Investigation: Blood Profits: How the Junta funds a black market empire through Jade,Oil, and Ethnic Plunder

  • Writer: DVB Myanmar
    DVB Myanmar
  • Jun 18, 2025
  • 4 min read
Myanmar junta air strike on market kills 15 civilians, with fumes of destruction billowing out of innocents’ lodgings (Image: Agence France-Presse, South China Morning Post)
Myanmar junta air strike on market kills 15 civilians, with fumes of destruction billowing out of innocents’ lodgings (Image: Agence France-Presse, South China Morning Post)

The junta has ruined so many innocents with weapons of mass destruction. How

do they possess the capital for these attacks? The DVB finds out.


HPAKANT, KACHIN STATE

“I feel guilty for surviving.” Si Thu Phyo was just a 21-year-old trying to make a basic living off his mining job in Myanmar, common for an average Burmese citizen under the Junta. He was scavenging for leftover gemstones when he felt an intense tremor on the ground.
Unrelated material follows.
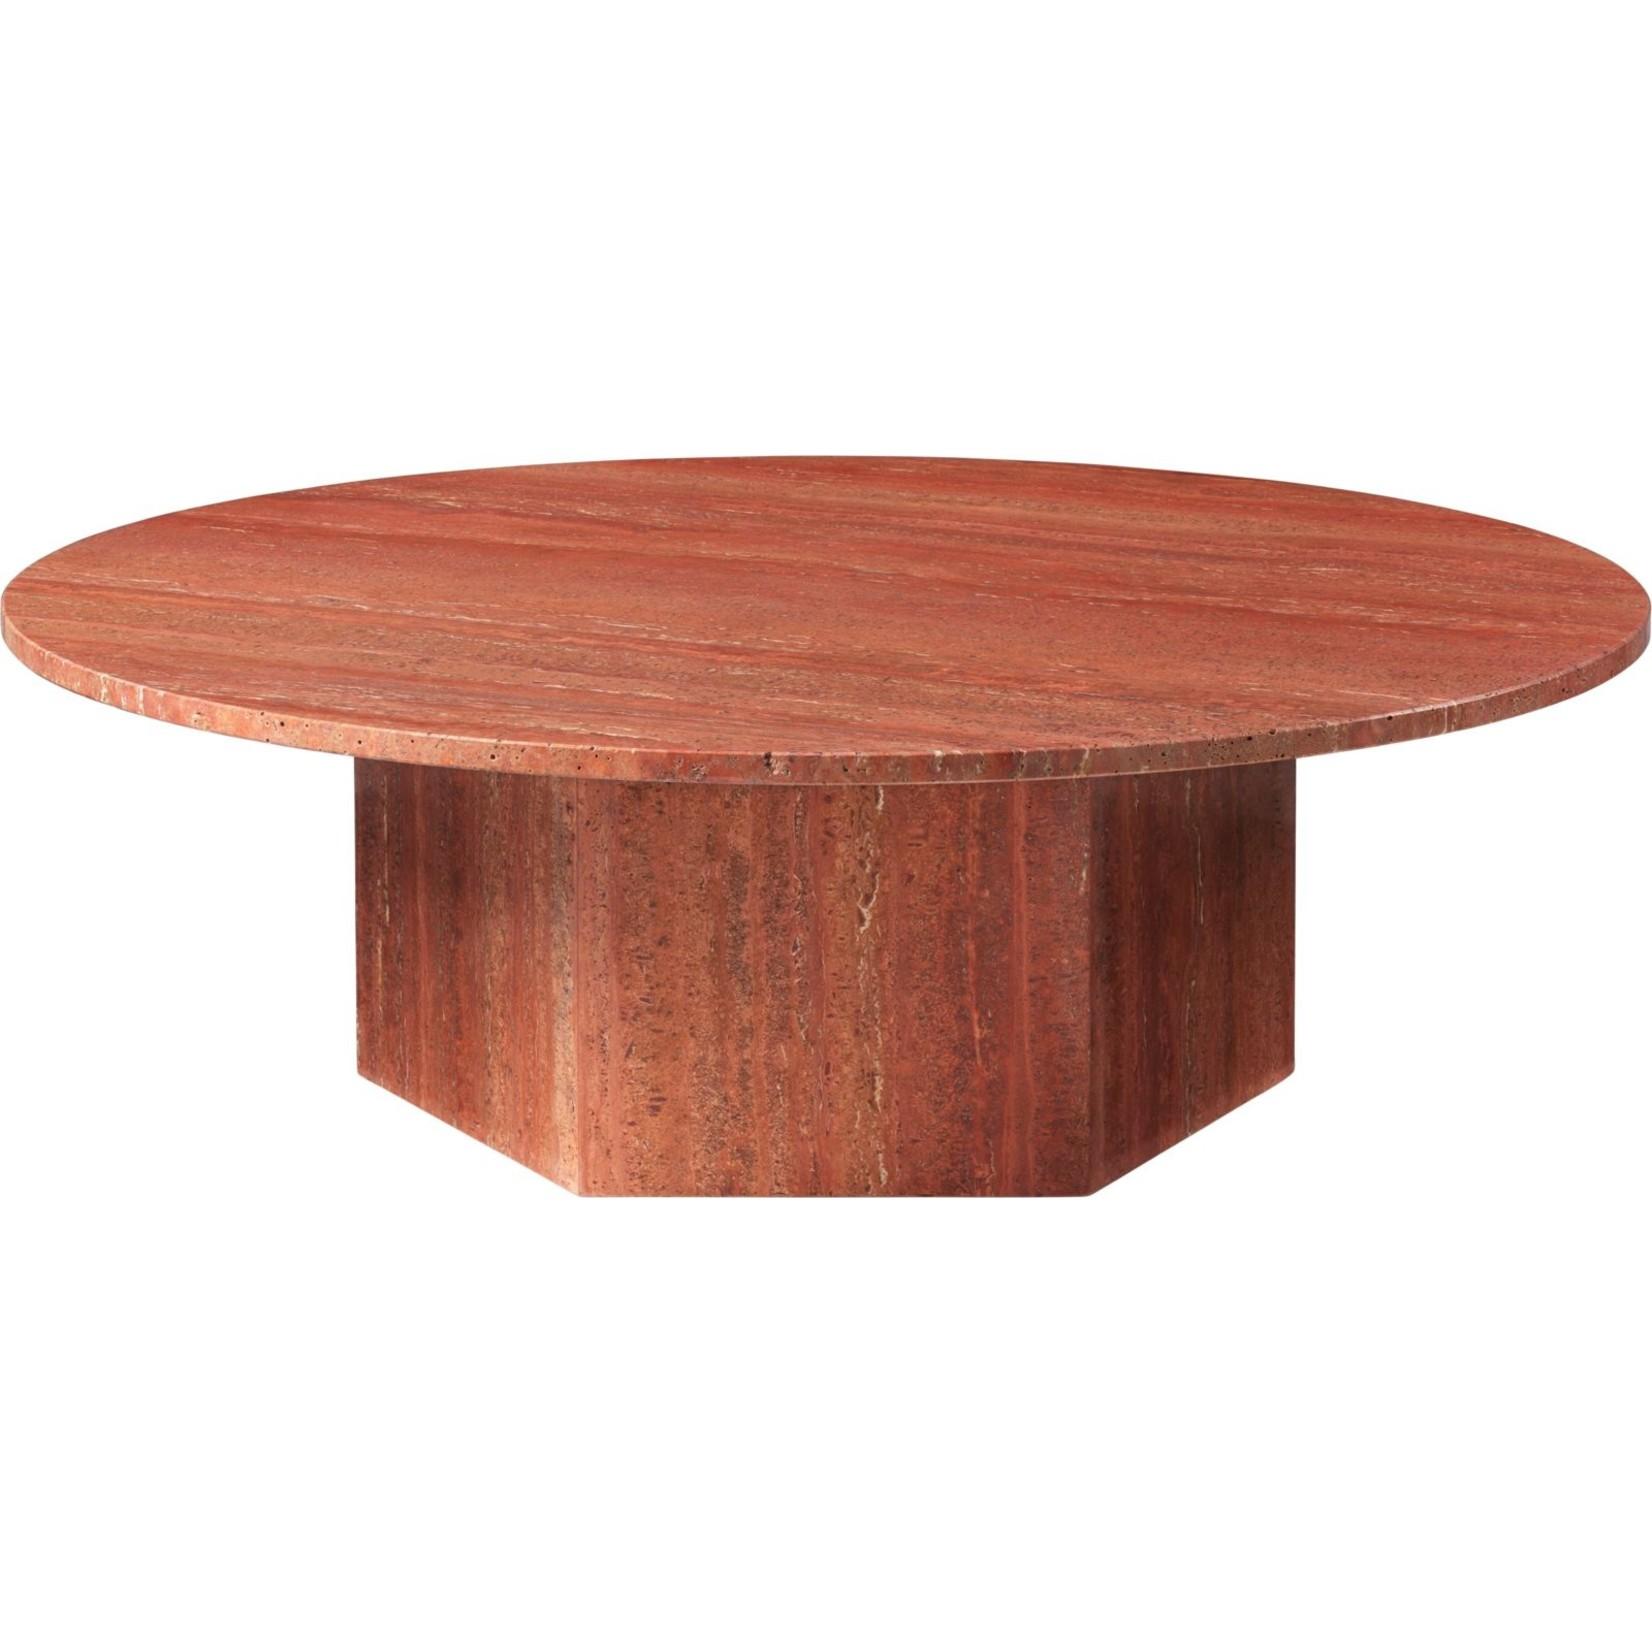 Epic Round Coffee Table Ø110 cm | Red Travertine

As the landslide was crashing down, Si Thu and countless others tried to flee for their lives, but it was impossible to outrun such a disaster. Si Thu was dragged under the water and mud. When interviewed, he said: "My mouth was full of mud, the stones were hitting me and the waves pushed me under again and again," and “thought I was going to die”.


Si Thu, in a miracle, was able to swim out and emerge alive. However, others were not as lucky.


Under intense pressure by the international community, the Myanmar government formed an investigative committee, but no results were yielded, with the Minister for Natural Resources and Environmental Conservation, Ohn Win, blaming the catastrophe on “greedy” miners.


Junta-led Conglomerates: The illicit financial backbone of the Tatmadaw

The fact that Myanmar’s junta, led by Min Aung Hliang, is one of the most heavily sanctioned and internationally criticised organisations in the world, yet has the funds and resources to sustain its domestic and military operations should draw some concern.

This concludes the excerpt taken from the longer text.